▶ Input
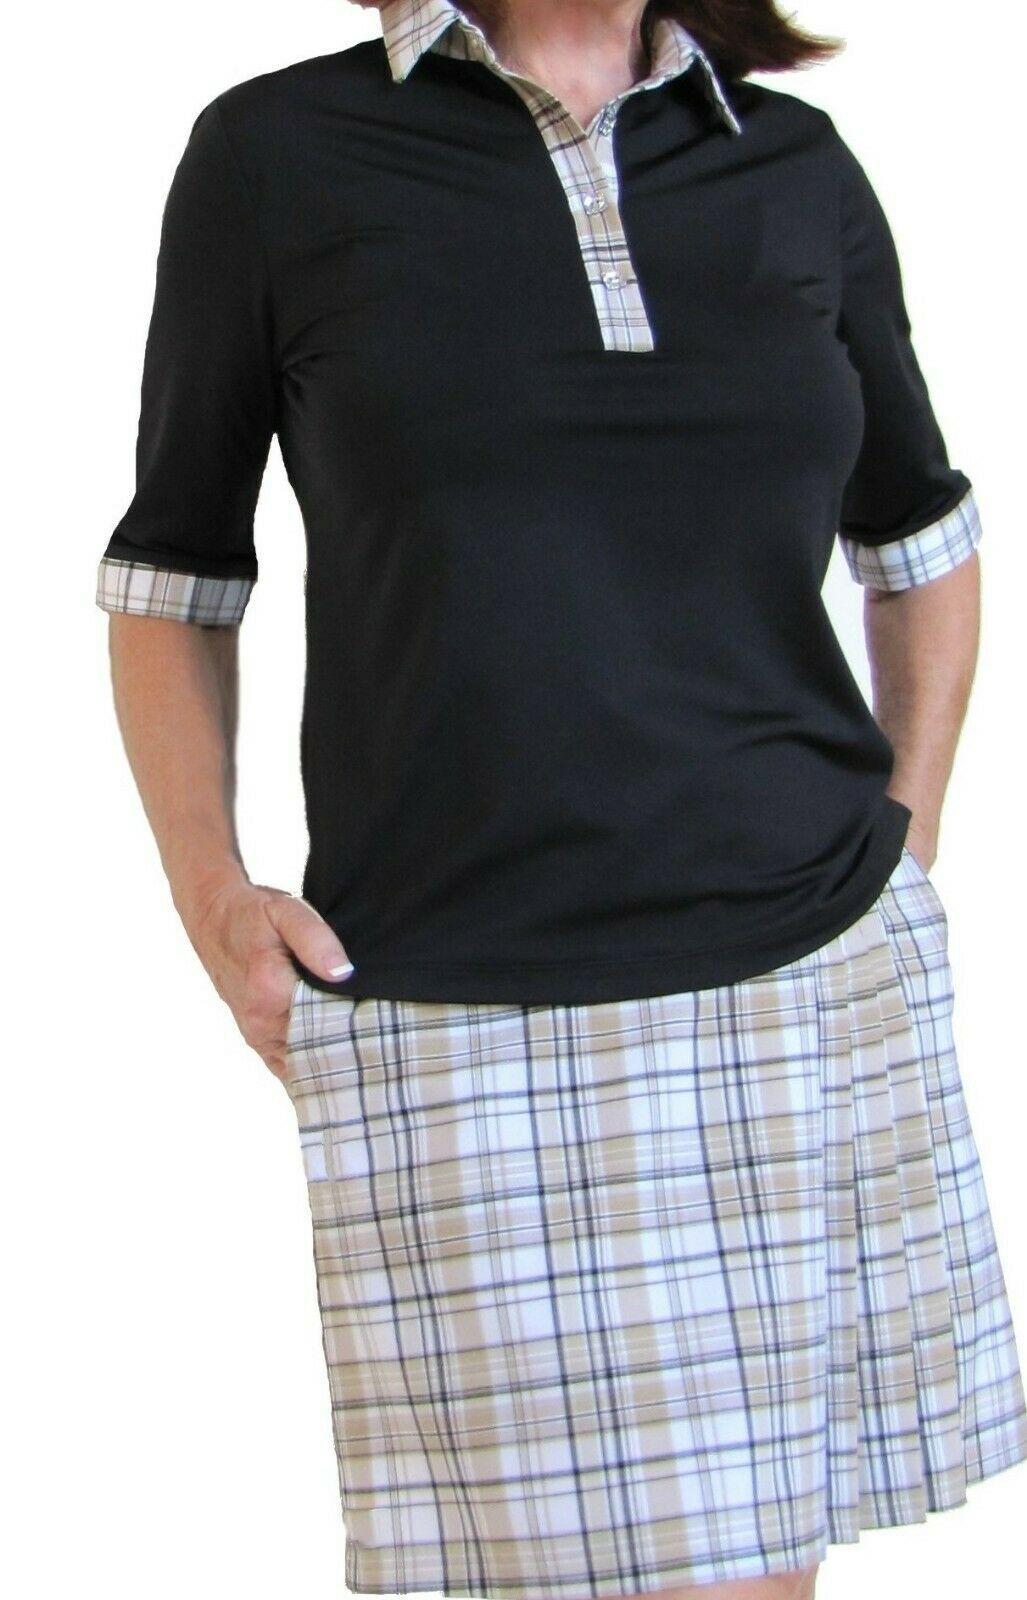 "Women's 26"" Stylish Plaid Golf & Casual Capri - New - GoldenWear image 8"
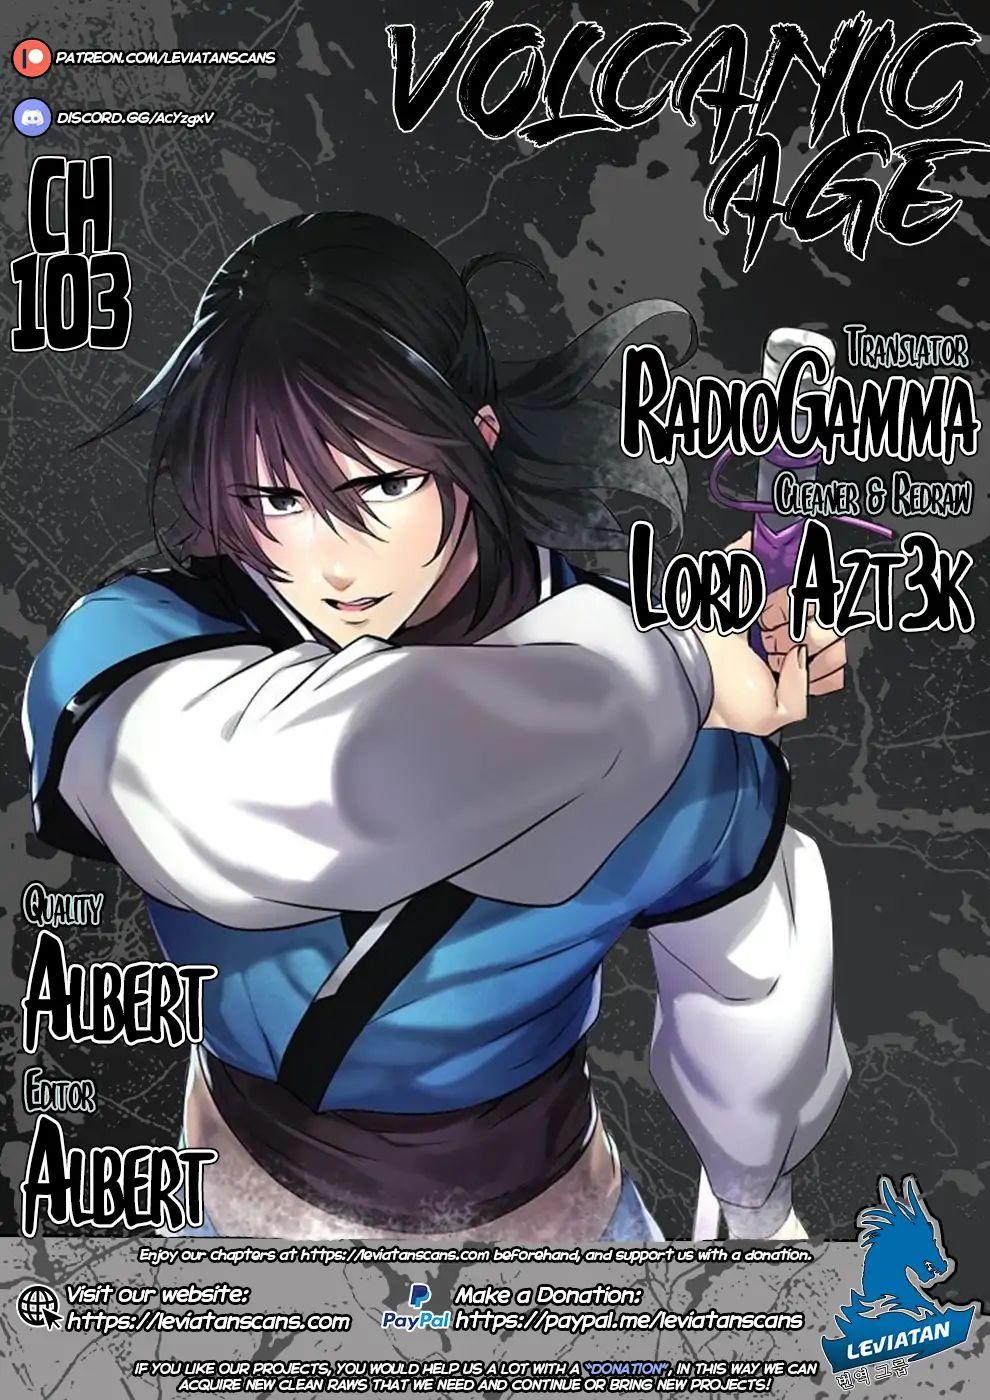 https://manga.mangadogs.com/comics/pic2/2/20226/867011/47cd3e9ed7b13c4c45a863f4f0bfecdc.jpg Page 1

---

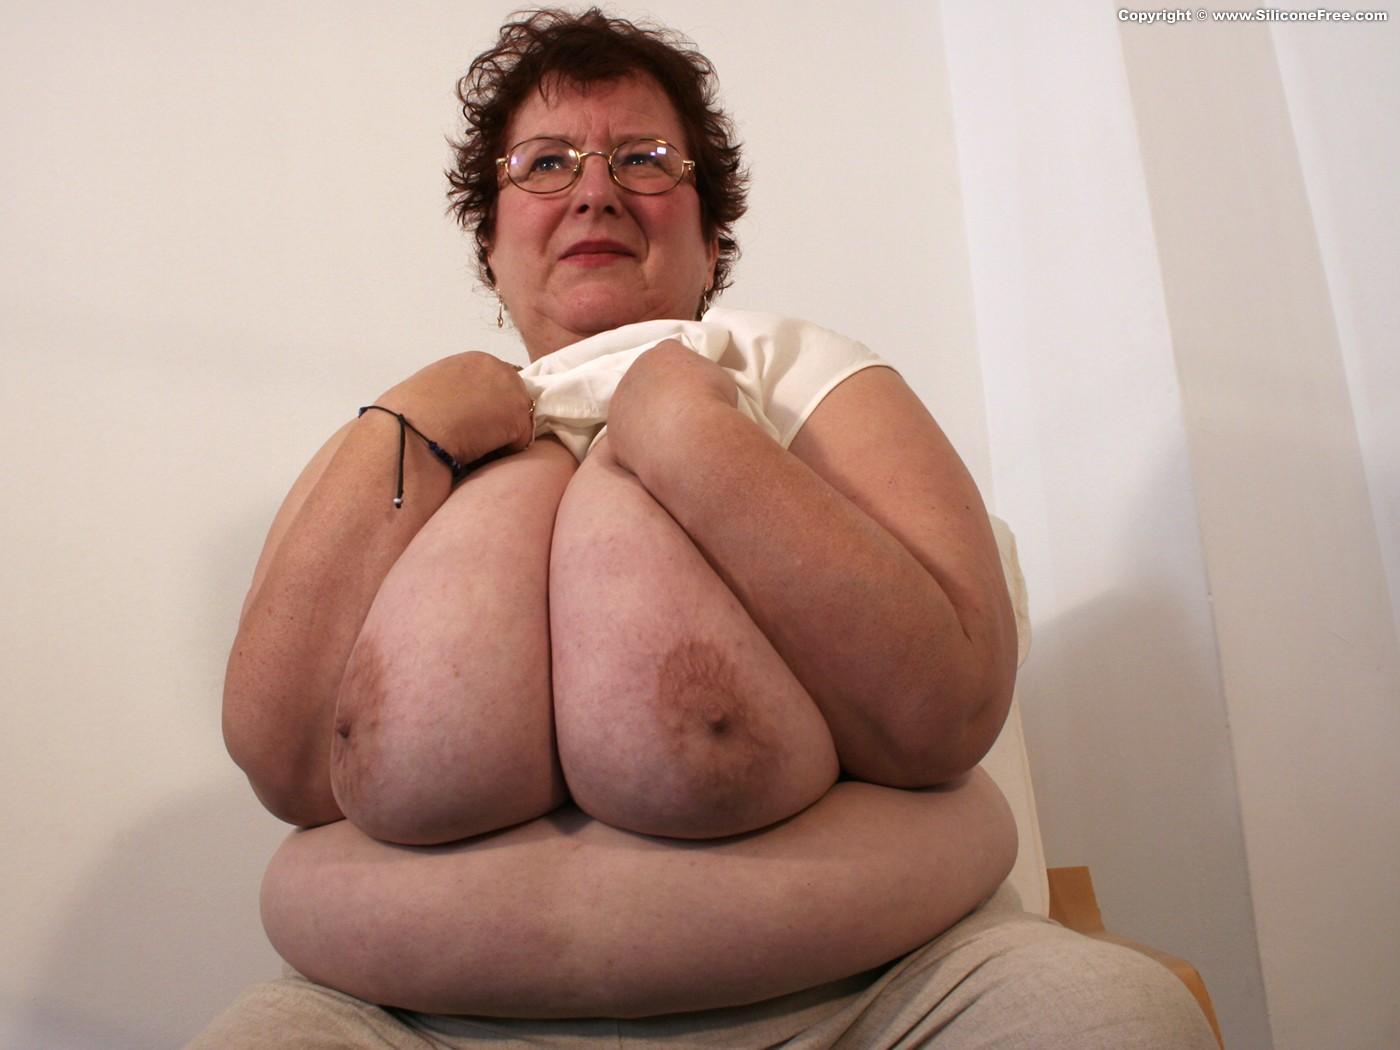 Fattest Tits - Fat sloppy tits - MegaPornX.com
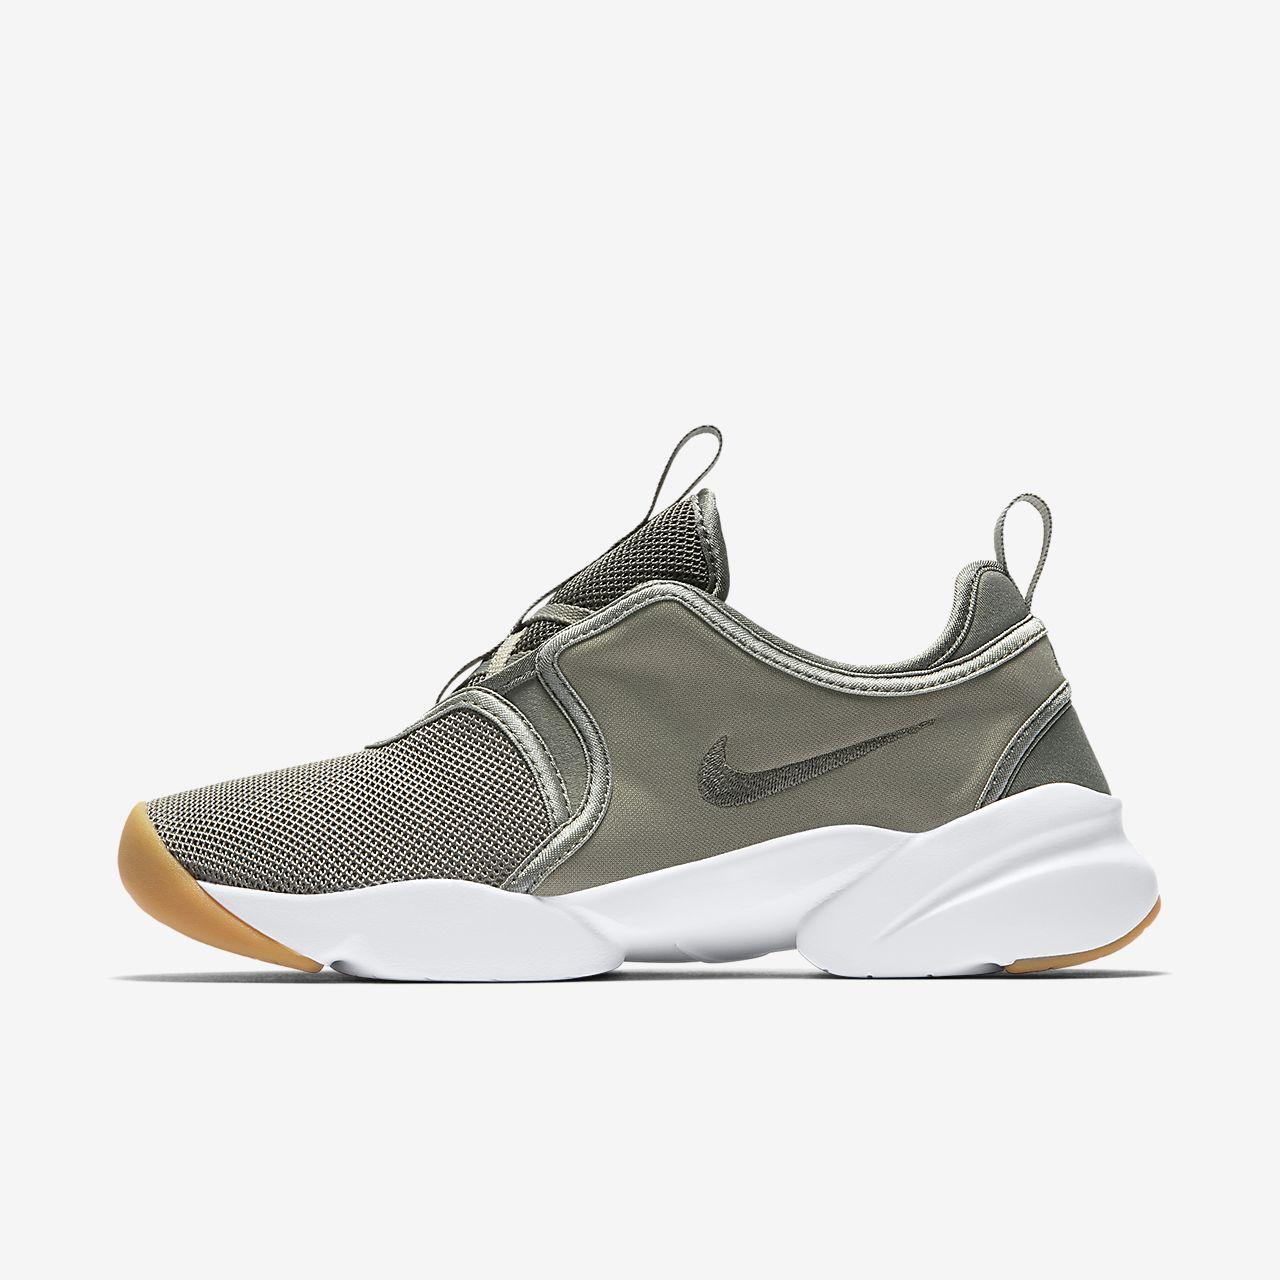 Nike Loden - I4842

▶ What is expected
Of all the material above, only the lines from the one that has "Fattest Tits - Fat" down to the one that has "Nike Loden - I4842" are to be written out, exactly and with both ends included. Pictures are skipped.

▶ Answer for this exercise
 Fattest Tits - Fat sloppy tits - MegaPornX.com
 Nike Loden - I4842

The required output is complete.